En tal sentido, puedo afirmar que los procesos de inclusión social desigual son el
fundamento de sociedades jerarquizadas, desiguales e injustas en las que se presenta
un incumplimiento sistemático de los derechos fundamentales a nivel social, como el
derecho a la educación de calidad, al empleo digno, a la salud, a la recreación, a la
cultura, al libre tránsito y a la ciudadanía integral. Esta realidad provoca que sectores
sociales desfavorecidos se vean excluidos de servicios, políticas, prácticas o procesos
concretos en esos ámbitos; pero no por ello, insisto, quiere decir que sean sectores
que están y permanecerán “al margen”, “por fuera” o “apartados” del conglomerado
social de pertenencia.
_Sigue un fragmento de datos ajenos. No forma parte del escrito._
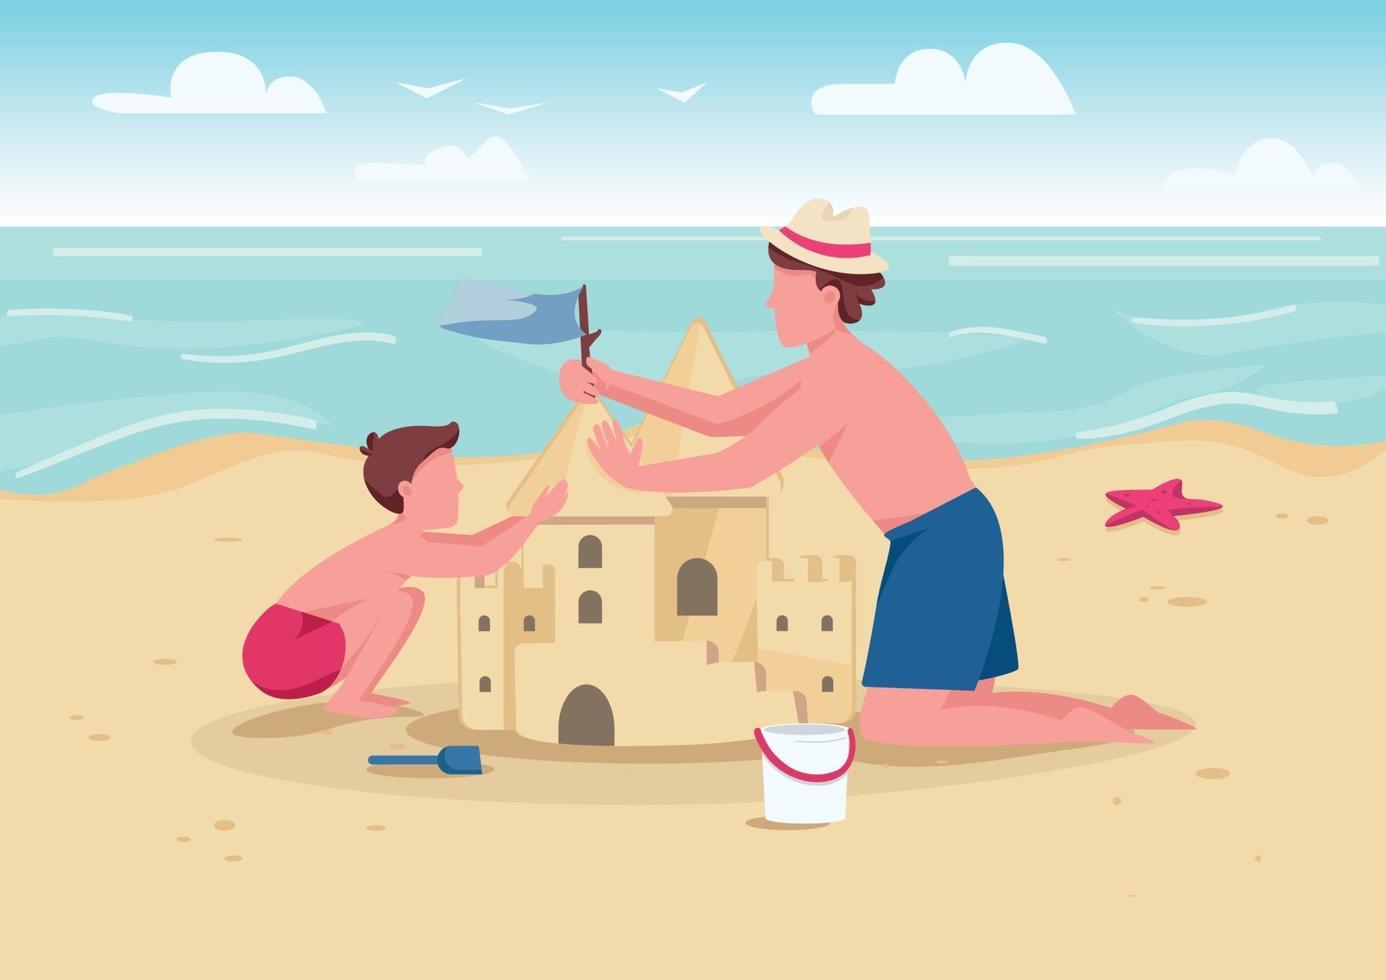 Beach family activity flat color vector illustration

Concebir como parte de la sociedad a todos sus grupos y
sectores, aunque con formas desiguales de inclusión social, estoy convencido de que
implica una visión respecto a cada individuo de la sociedad como parte de ella, en tal
sentido, como sujetos de derechos sociales.
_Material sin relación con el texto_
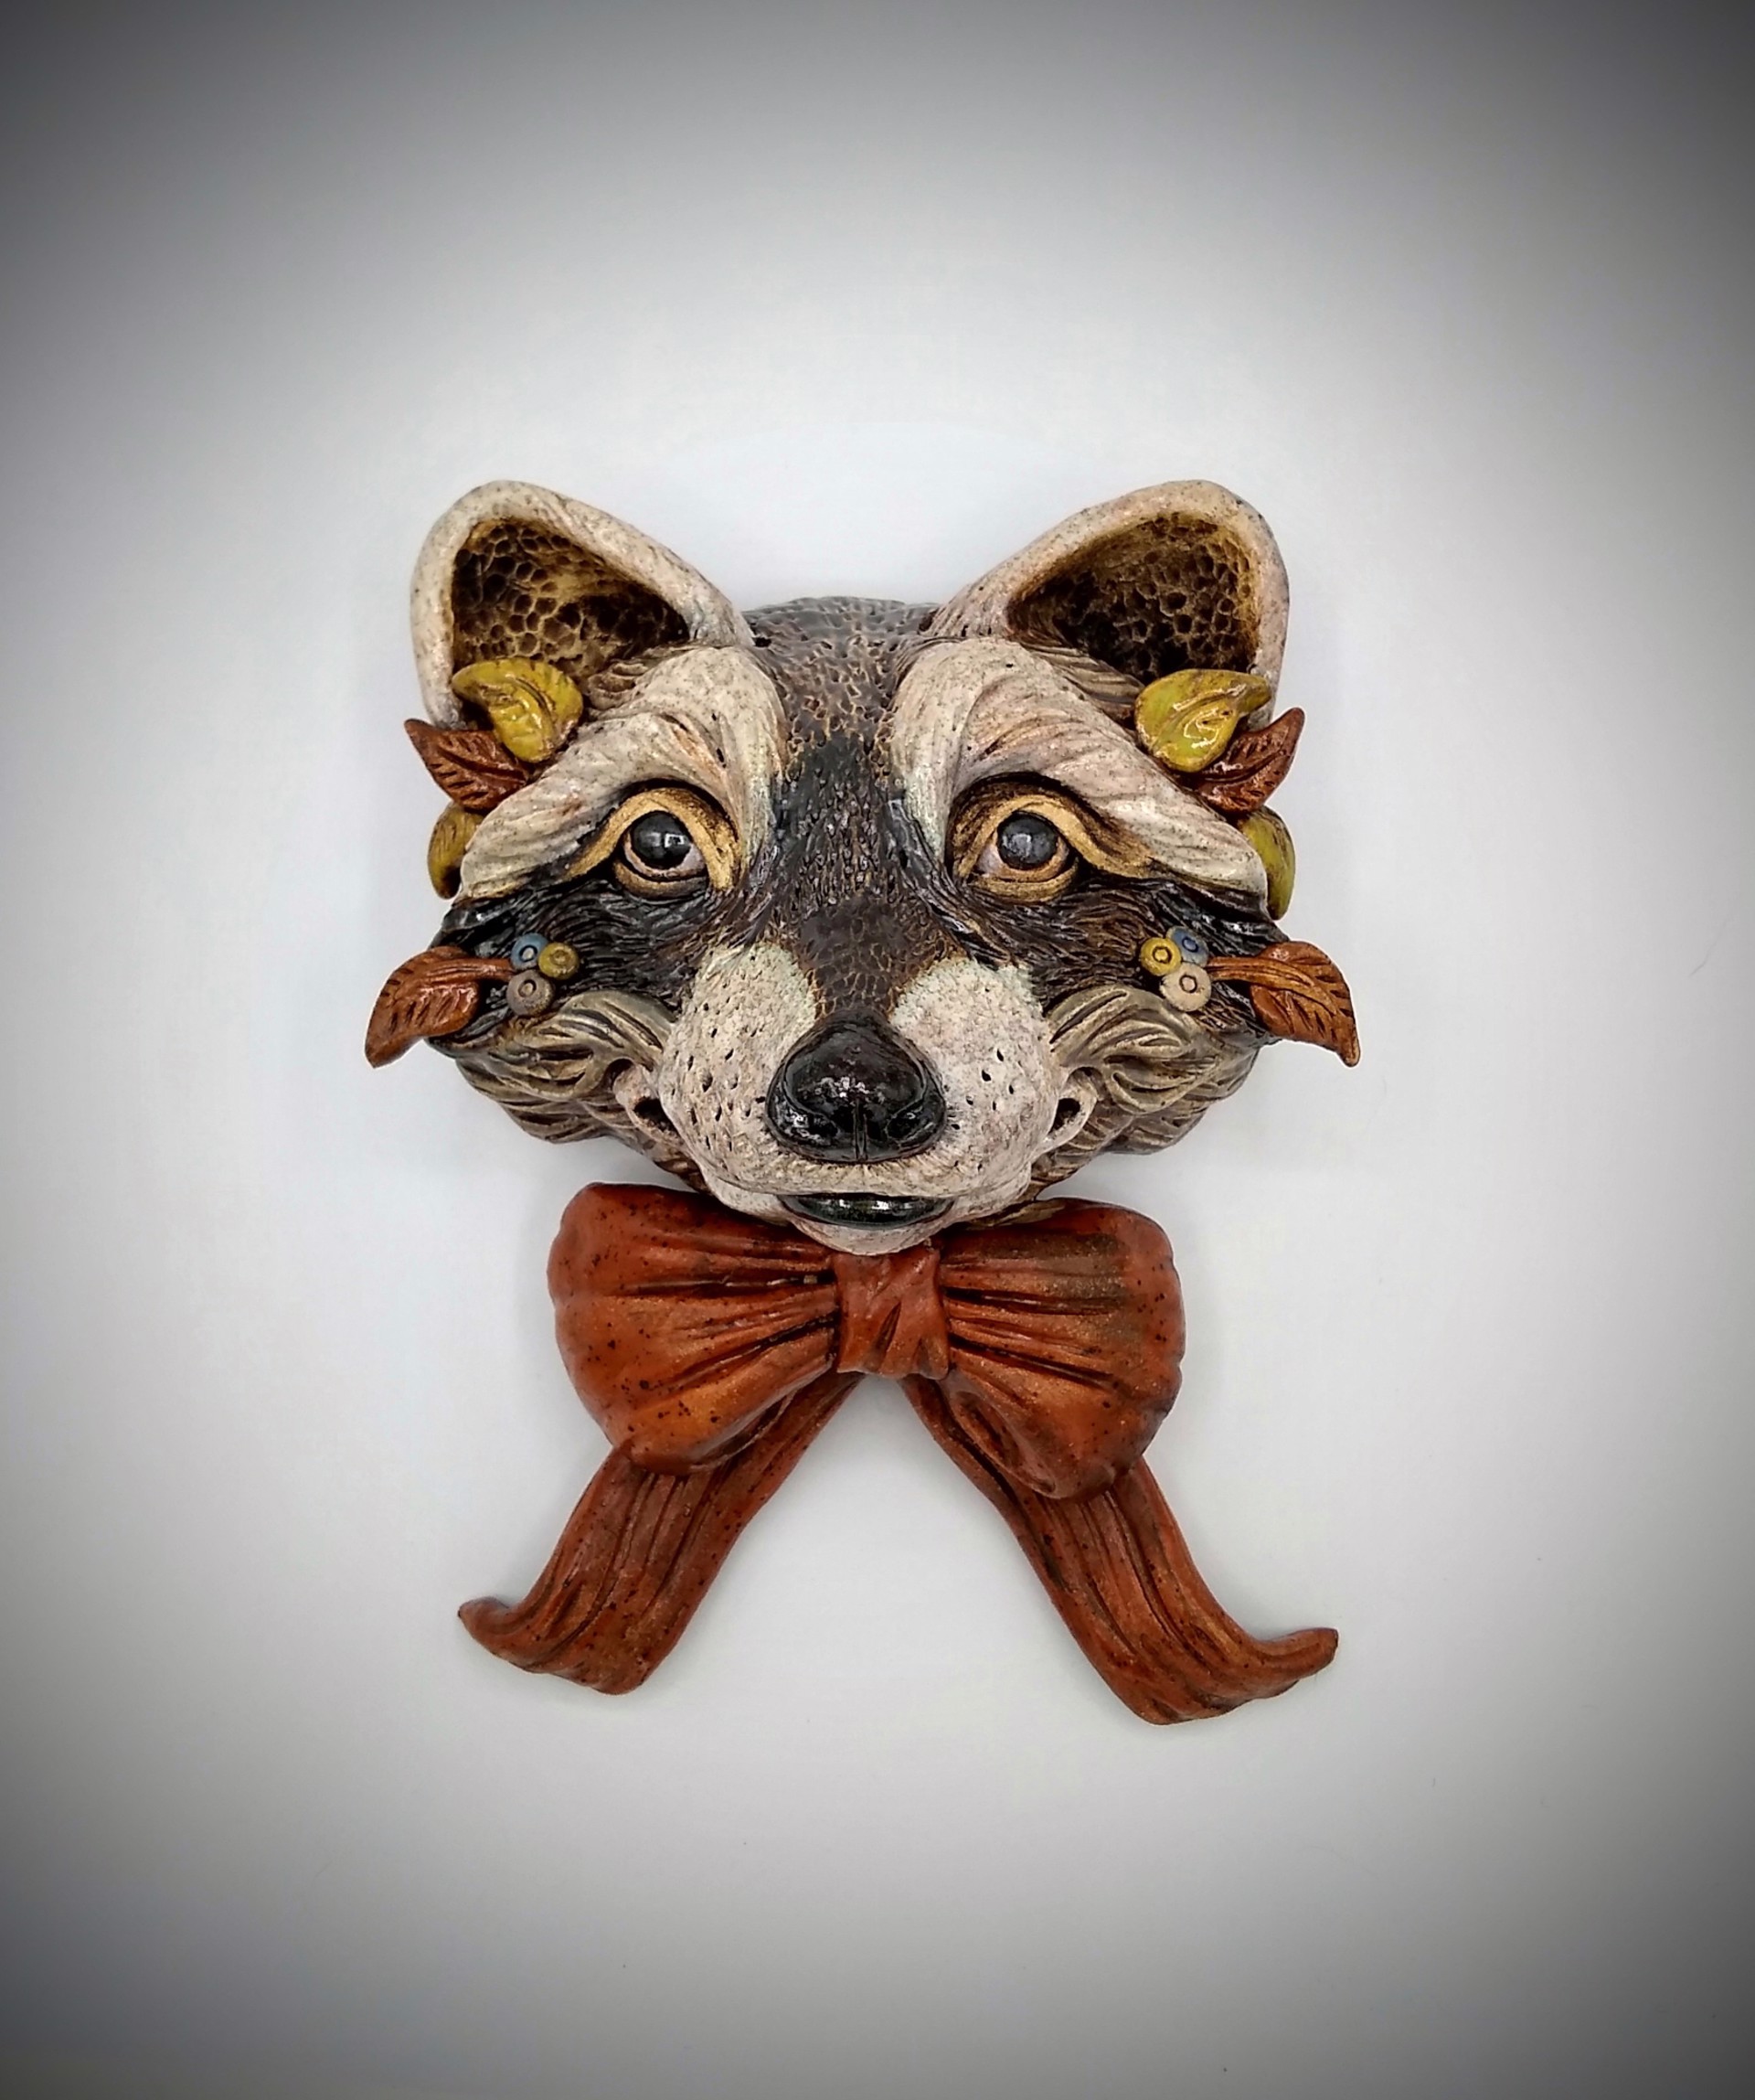 Speckled Tie Raccoon by Cheryl Quintana

Este intento no busca decir la última palabra sobre la forma de conceptualizar la


realidad social de la niñez desprotegida, ni siquiera puede retratar los procesos
negativos a los que están expuestos en las calles de nuestras ciudades. Tan sólo
pretendo colaborar a pensar a este sector como una parte integrante de la sociedad,
en lo cual urge la participación de la sociedad (gobierno y sociedad civil) ante tal
realidad; aunque no por ello negamos una real carencia de factores para satisfacer
sus necesidades más inmediatas.

Tendencias negativas de la idea de “marginación”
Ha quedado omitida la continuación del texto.